We decided to not have any children at our reception. Actually we filled out how many adults were to be invited on each invitation. The guests just had to mark yes or no. We did not feel that it was rude since we were paying $40 a head. There were a few exceptions to immediate family. But with that also the kids were a certain age or older and not elementary school ages. It’s your special day, you do what you want especially since it’s just a cousin’s girlfriend.

We are in a similar situation. We would like to have my niece attend with her husband, however we would like to have them leave there children at home.

Simply said the children don’t behave well, and the parents do eventually discipline them only in the wrong way…first they ignore them, then when they realize that the problem isn’t going away, they scream and argue with the children thinking that this is a better solution. Once when the Grandmother tried to step in and resolve the situation, my niece, at the top of her lungs told her to mind her own f’ing business…. yeah nice I know. Makes you realize where the kids get it from.

However, we first told the niece that we were sorry but we had a limited # of seats available due to the restraints on the venue size (little white lie) and told her that we only had room for 2 more guests, that while we would love to have them attend we understood if they weren’t able to due to the children. THEY actually said that they would find a sitter so that at least they could attend. In our case…problem solved.

Good luck

That is a tough situation, you could try talking to her and saying “I know your son/daughter has trouble sitting through events – he/she seems to get bored easily. I would be happy to pay for a sitter for that day so you two can come and enjoy some alone time” This may work, it may not. The other thing you could try is putting an anonymous letter in their mailbox saying “everybody in the family is very tired of your child not being disciplined. Your child is very rude and loud and could benefit from more structure in their life. Nobody is mad at you we just hope that you can set better rules as it is becoming very hard to tolerate the childs disruptions at family events.” Keep it anonymous and dont tell anyone you wrote it – maybe she will get the point and set better rules.

It amazes me how some parents are so oblivious!

Know where you are coming from. We have a couple of cousins in the family that do not control their kids and this has led to some hard feelings when we have gotten together and things were/weren’t said.

Since I would not be able to get away without inviting all of them, I would consider a room separate from the area and have the kids monitored. Even rent a “playland” nearby and have transportation to and from (like a couple of the parents take all the kids to a inflatable party of their own). Hire someone to watch them there.

Unfortunately this problem has ceased all large family gatherings for my family. Last Christmas looks to the last time for us.

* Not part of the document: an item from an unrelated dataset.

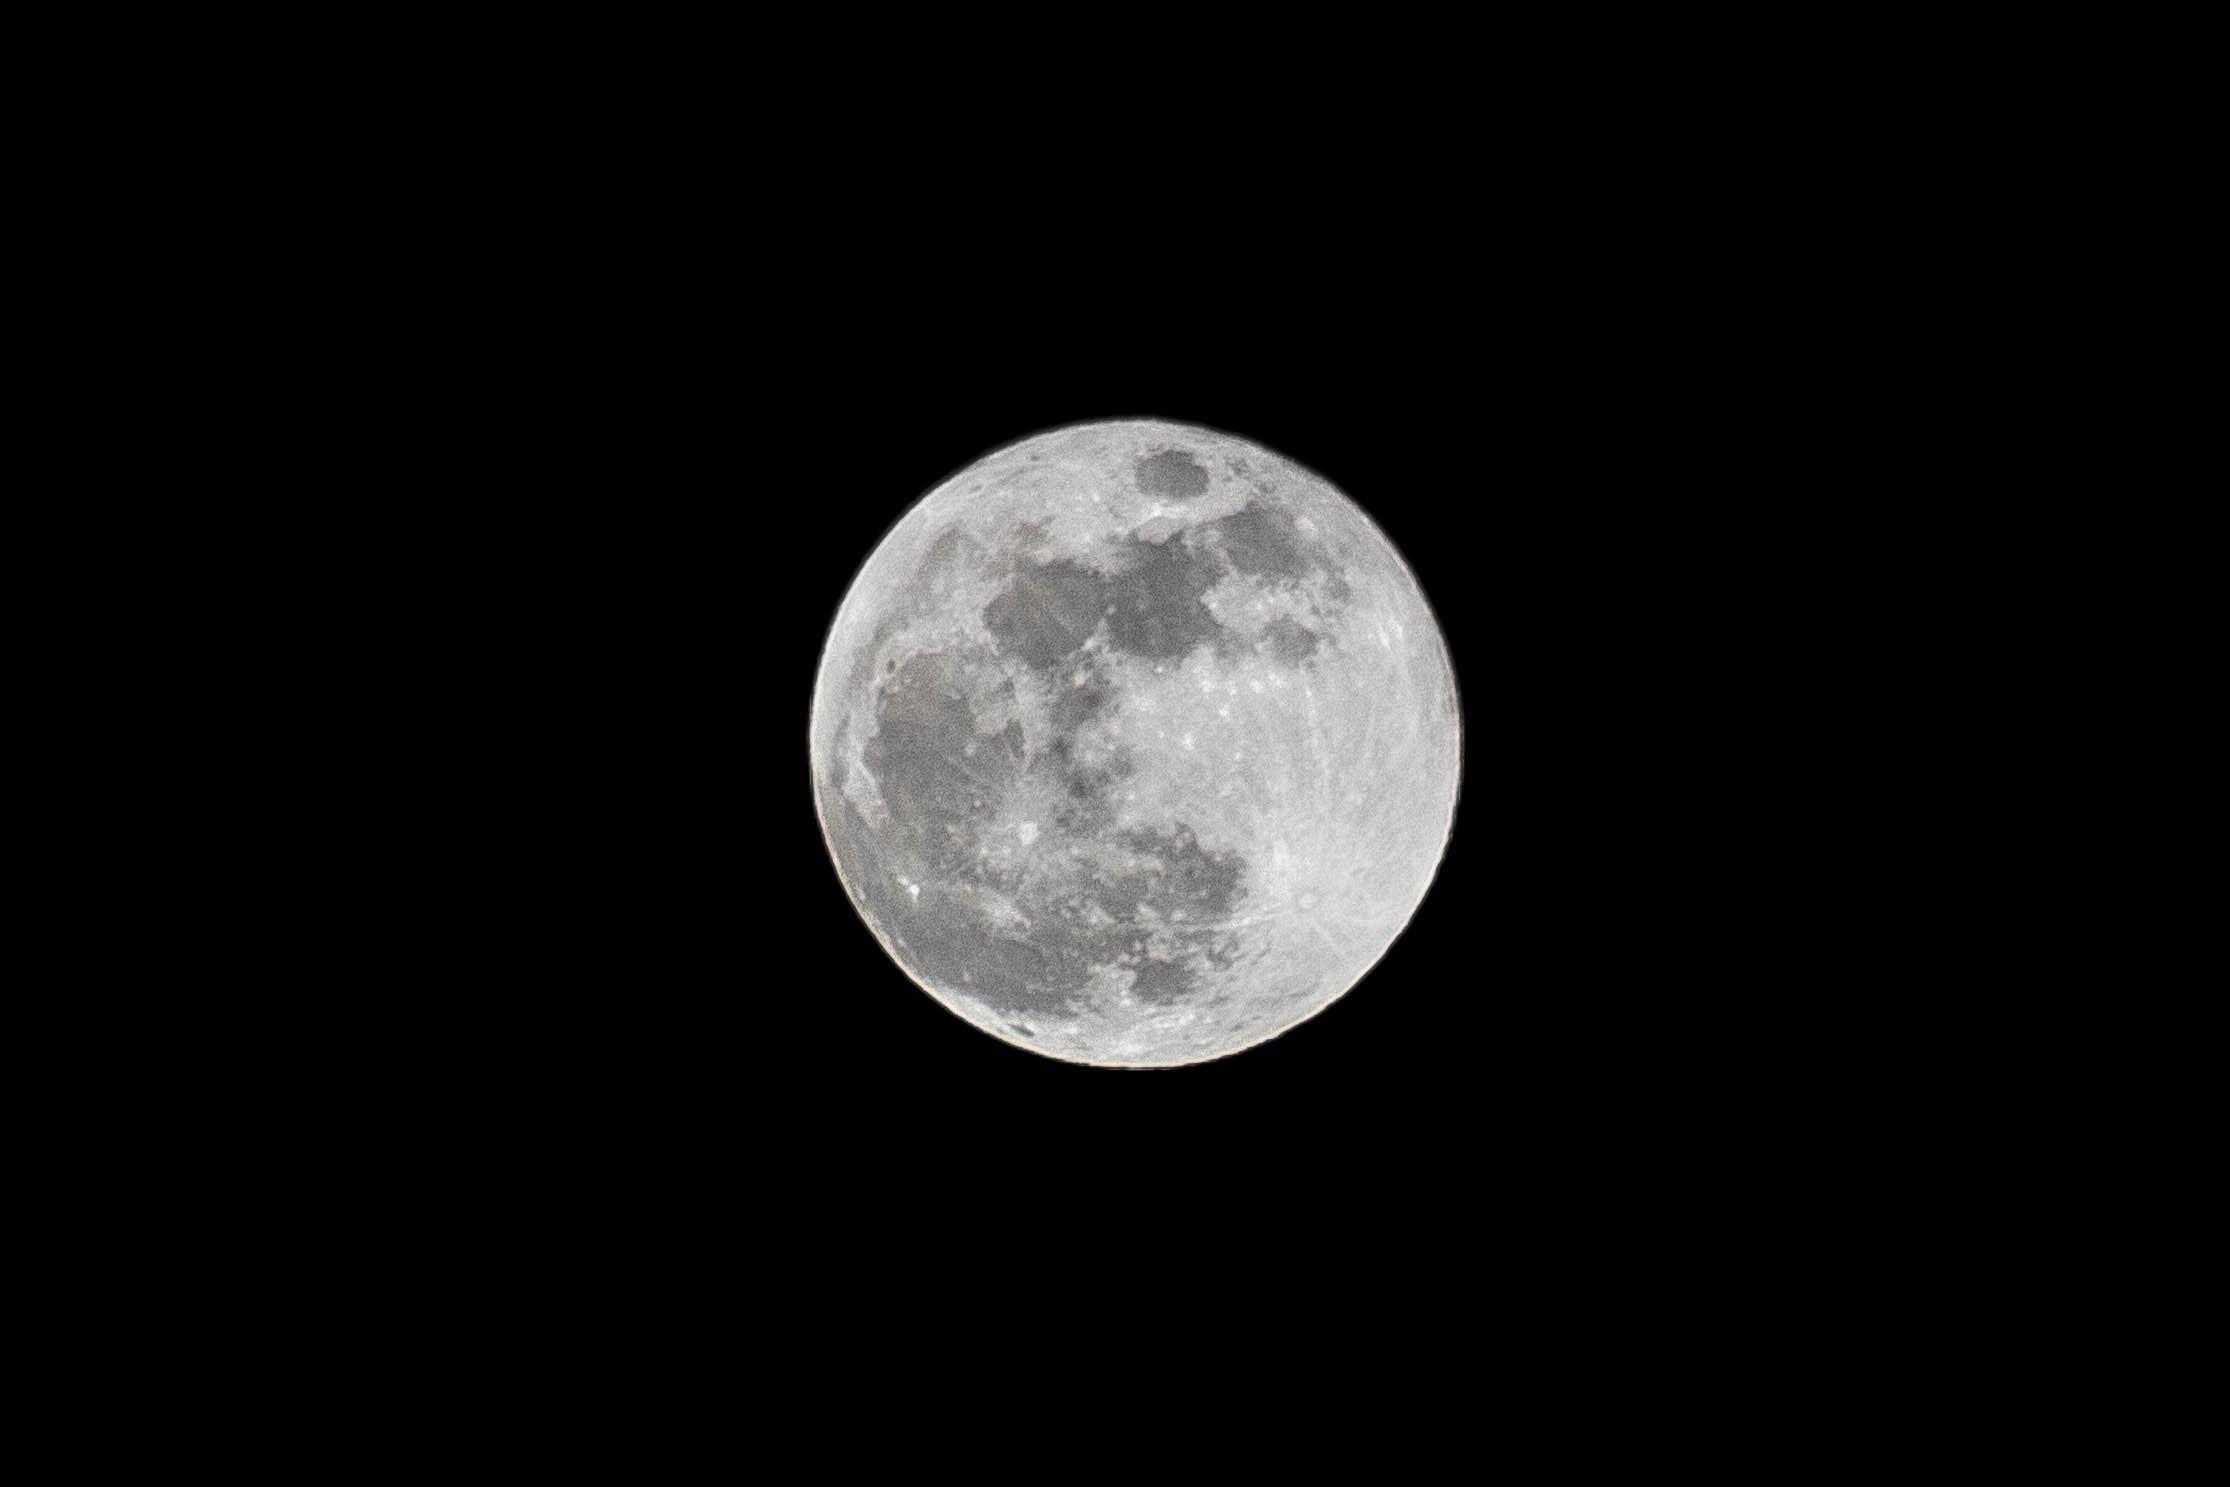 photograph of full moon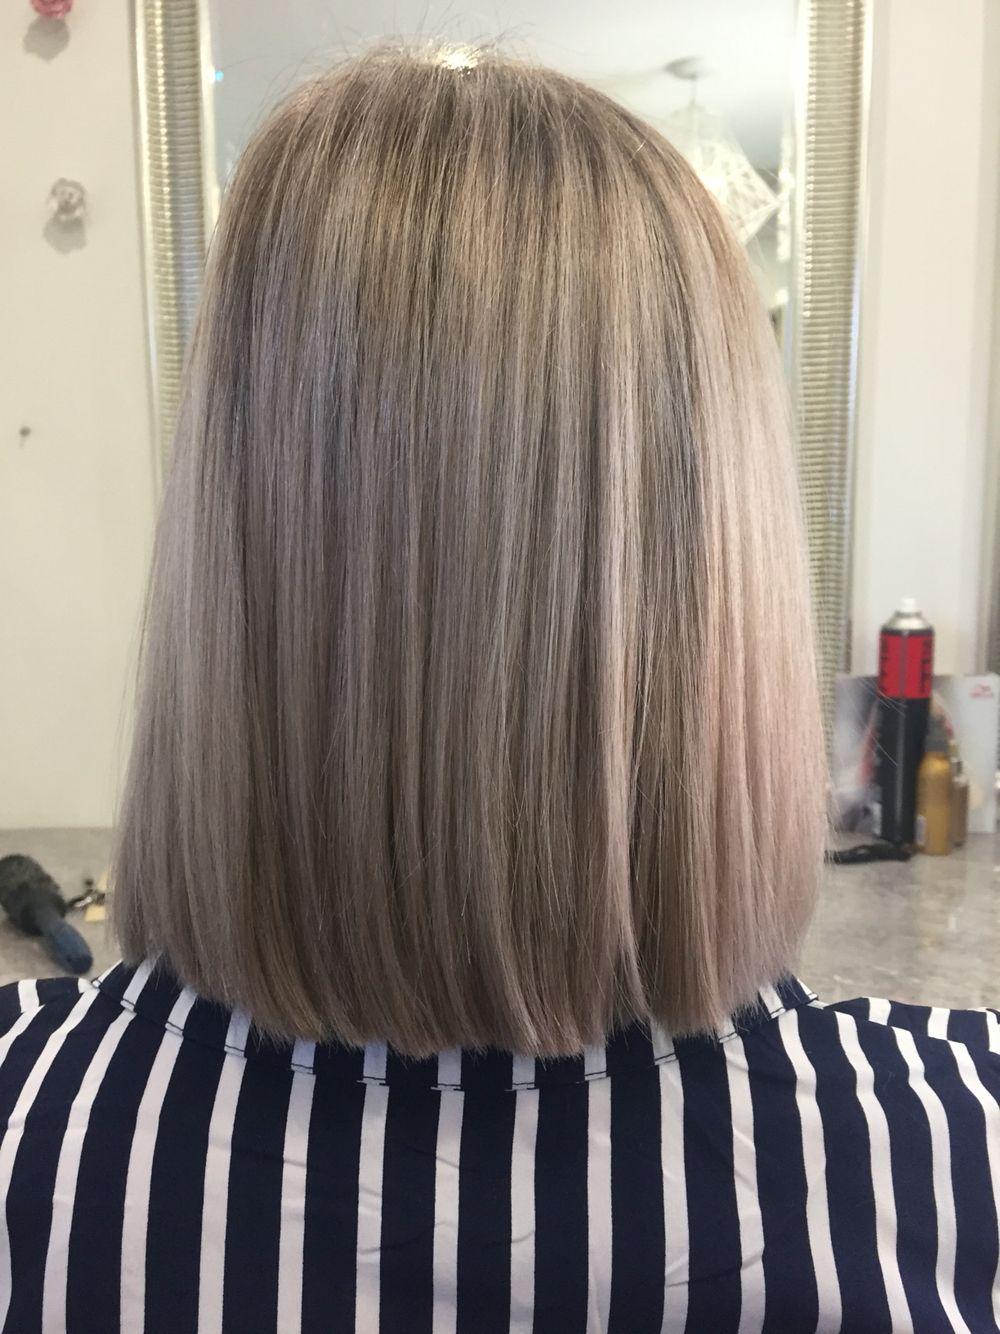 Full head foils with Wella hair colour.. INSTAMATiC toner smokey amethyst  FORMULAS in 2019

there isnt really anyway of saying dont bring your child without being rude. I guess the only thing is to not invite the cousin.
Maybe you could arrange some games, activities or something or have someone come that can babysit the children that cant behave.
I guess even if you didnt invite them they would show up so really all you can do is try to not let it ruin your day.
I would also have a parent or someone else go to the child’s mom and say something or even to your cousin or both.